Taylor Swift calls for removal of 'racist' monuments in Tennessee

Taylor Swift calls for removal of 'racist' monuments in Tennessee
Image Source: Google

Los Angeles: Taylor Swift has said the presence of many "racist" monuments in her home state of Tennessee makes her feel sick as she demanded their removal.

Swift has been quite vocal in her support to Black Lives Matter movement in the aftermath of George Floyd's custodial killing at the hands of a white police officer in Minneapolis, Minnesota.

In a Twitter threat on Friday, the 30-year-old star took aim at two specific Confederate monuments in her home state.

"As a Tennessean, it makes me sick that there are monuments standing in our state that celebrate racist historical figures who did evil things. Edward Carmack and Nathan Bedford Forrest were DESPICABLE figures in our state history and should be treated as such," Swift said.

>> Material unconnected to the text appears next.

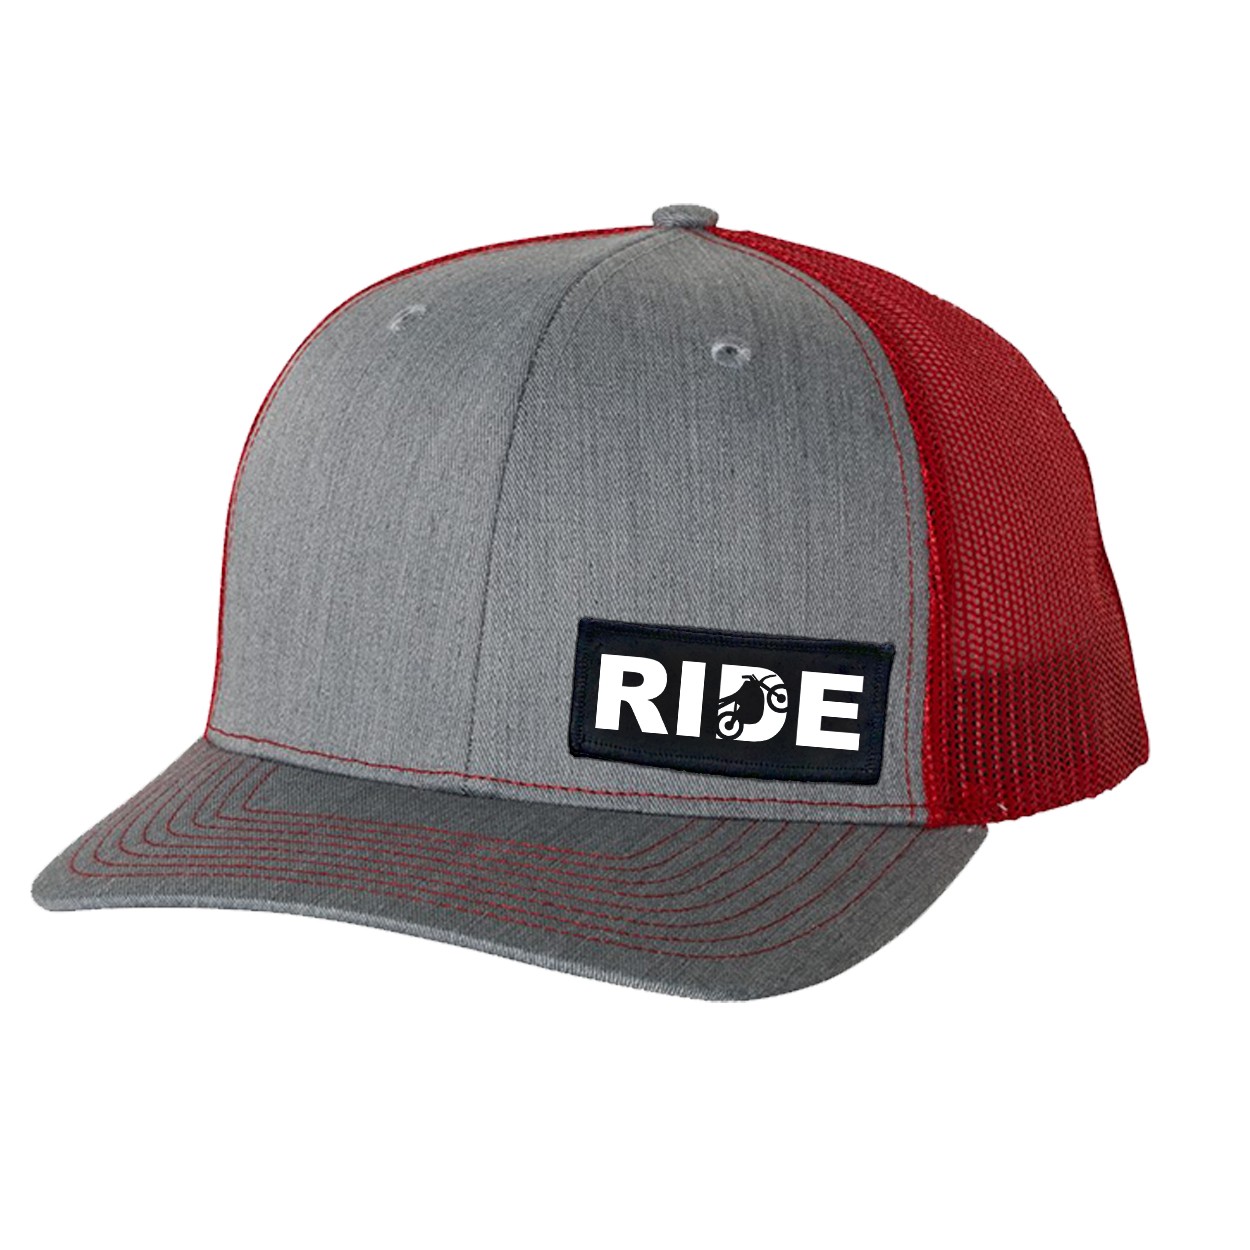 Ride Moto Logo Night Out Woven Patch Snapback Trucker Hat Heather Heather Grey/Red (White Logo)

She also dwelled upon the "monstrosity" known as the Nathan Bedford Forrest Equestrian Statue, a 25-foot monument dedicated to the Confederate general and Ku Klux Klan grand wizard.

"Nathan Bedford Forrest was a brutal slave trader and the first grand wizard of the Ku Klux Klan who, during the Civil War, massacred dozens of black Union soldiers in Memphis," the singer said.

Swift called on Capitol Commission and the Tennessee Historical Commission to permanently remove the monuments.

"Taking down statues isn't going to fix centuries of systemic oppression, violence, and hatred that black people have had to endure but it might bring us one small step closer to making ALL Tennesseans and visitors to our state feel safe not just the white ones," she said.

"We need to retroactively change the status of people who perpetuated hideous patterns of racism from heroes' to villains.' And villains don't deserve statues," she added.

Confederate monuments in many southern US states have reemerged as a national flashpoint since the death of George Floyd, a 46-year-old black man who died after a white Minneapolis officer pressed his knee into his neck for several minutes.

Protesters decrying racism have targeted Confederate monuments in multiple cities, and some state officials are considering taking them down.